Wie aus einer Studie des ifo Instituts für Wirtschaftsforschung hervorgeht, setzen große Unternehmen vor allem auf eine größere Anzahl von Zulieferern, während kleinere und mittelständische Unternehmen zunächst ihre Lagerhaltung erhöhen. „Bei einer kompletten Rückverlagerung könnte die reale Wirtschaftsleistung Deutschlands um fast zehn Prozent zurückgehen“, warnt Lisandra Flach, Leiterin des ifo Zentrums für Außenwirtschaft.
Denn die Rückverlagerung der Produktion nach Europa bringt einen entscheidenden Faktor mit sich: Ohne technischen Fortschritt führt sie zu höheren Produktionskosten – und damit zu höheren Preisen und einer schlechteren Wettbewerbsfähigkeit. „Nicht zuletzt aus diesem Grund waren die Unternehmen in Europa in der Vergangenheit eher zurückhaltend mit Rückverlagerungen.

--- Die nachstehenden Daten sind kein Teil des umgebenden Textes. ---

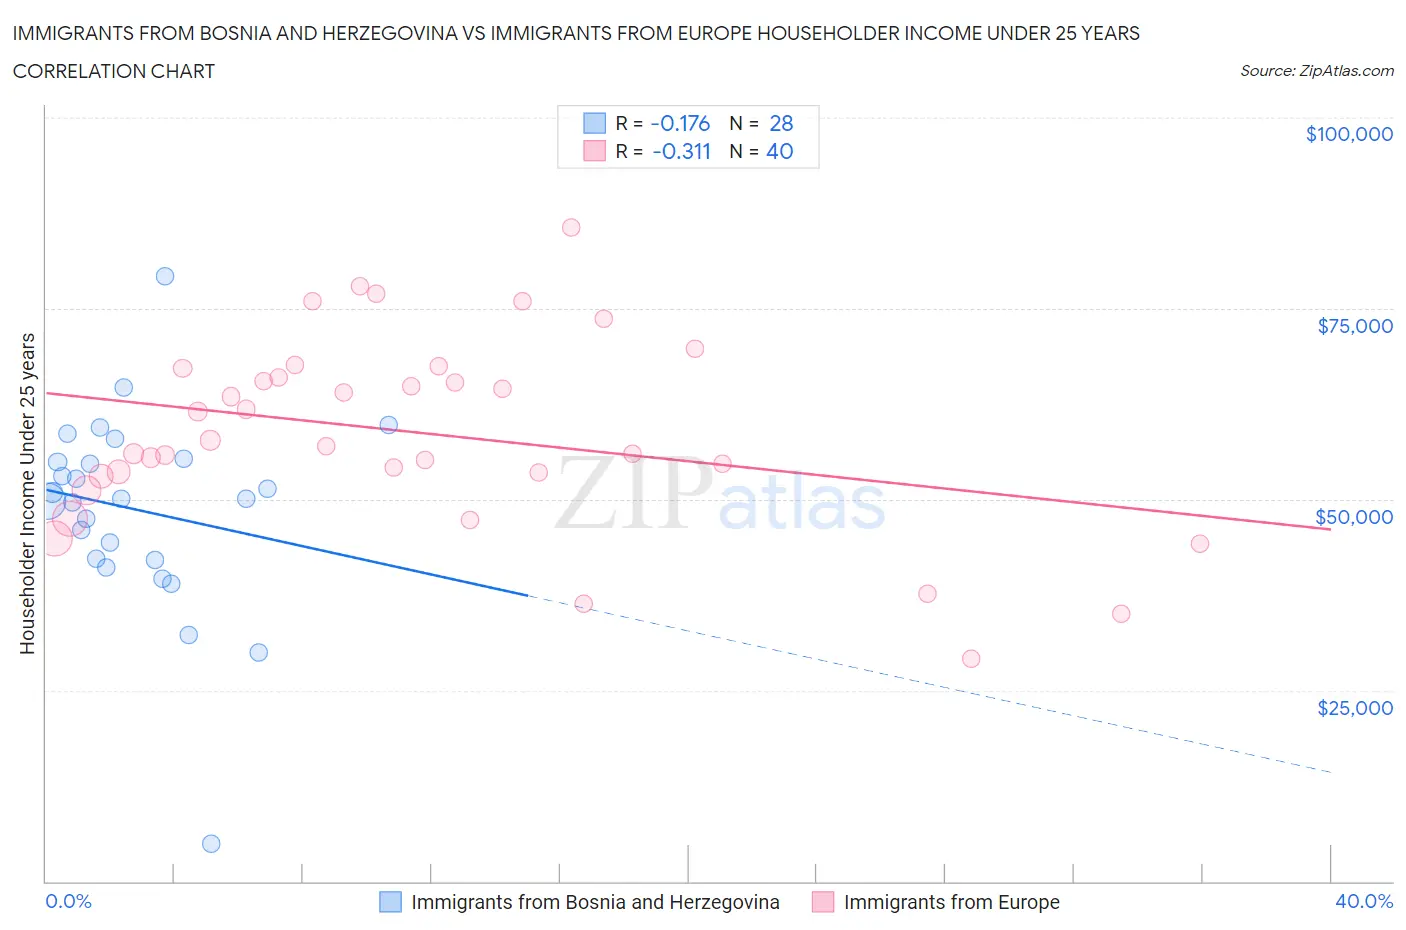 Immigrants from Bosnia and Herzegovina vs Immigrants from Europe Householder Income Under 25 years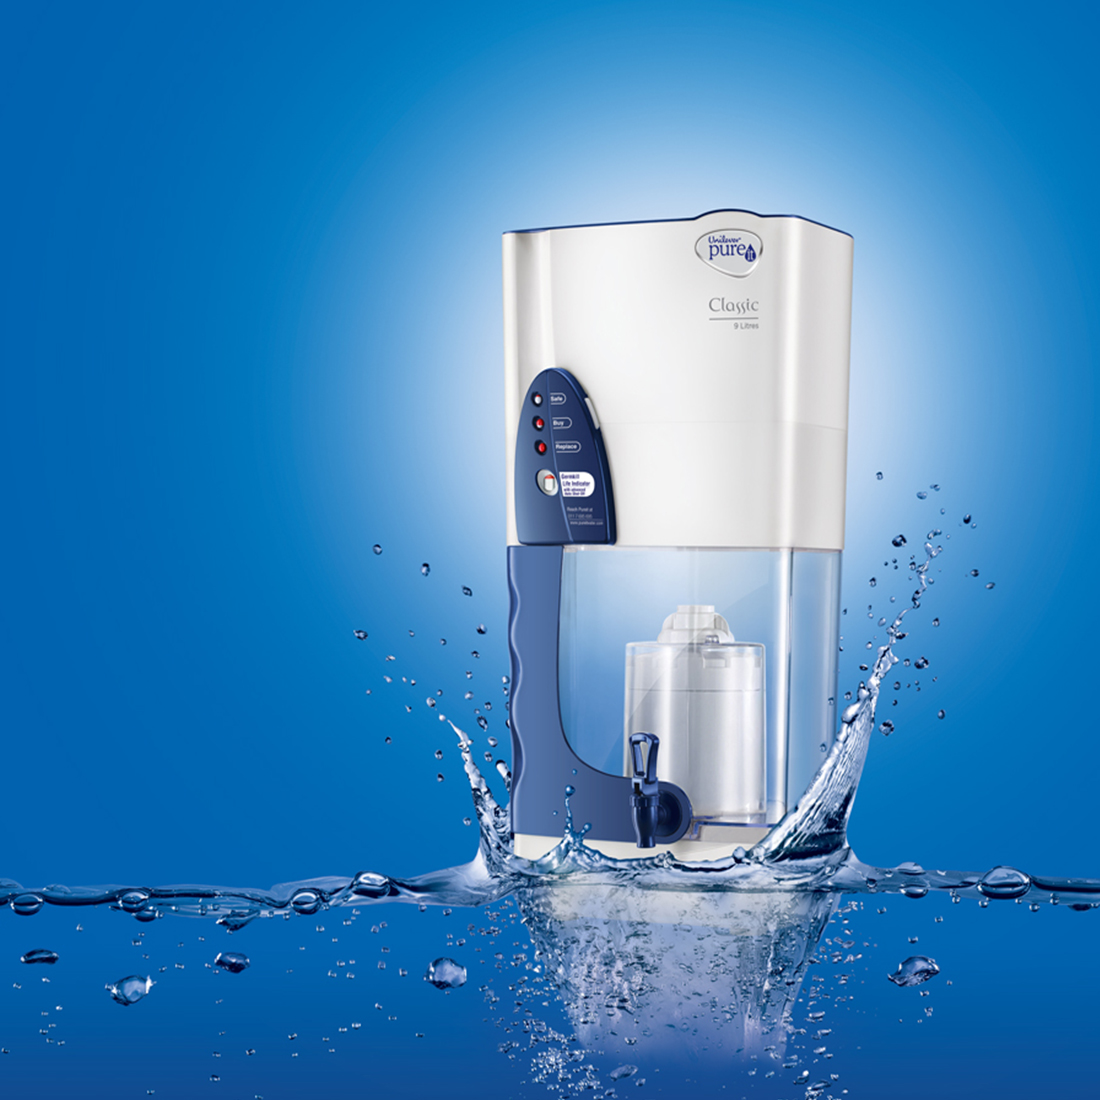 How Long Time does Pureit Classic Takes to Purify Water - BD Water

So haben in Deutschland zwischen 2010 und 2012 nur zwei Prozent der Unternehmen des produzierenden Gewerbes Teile der Produktion zurückgeholt, von 2013 bis 2015 waren es mit drei Prozent etwas mehr“, zählt der Informationsdienst des Instituts der deutschen Wirtschaft auf.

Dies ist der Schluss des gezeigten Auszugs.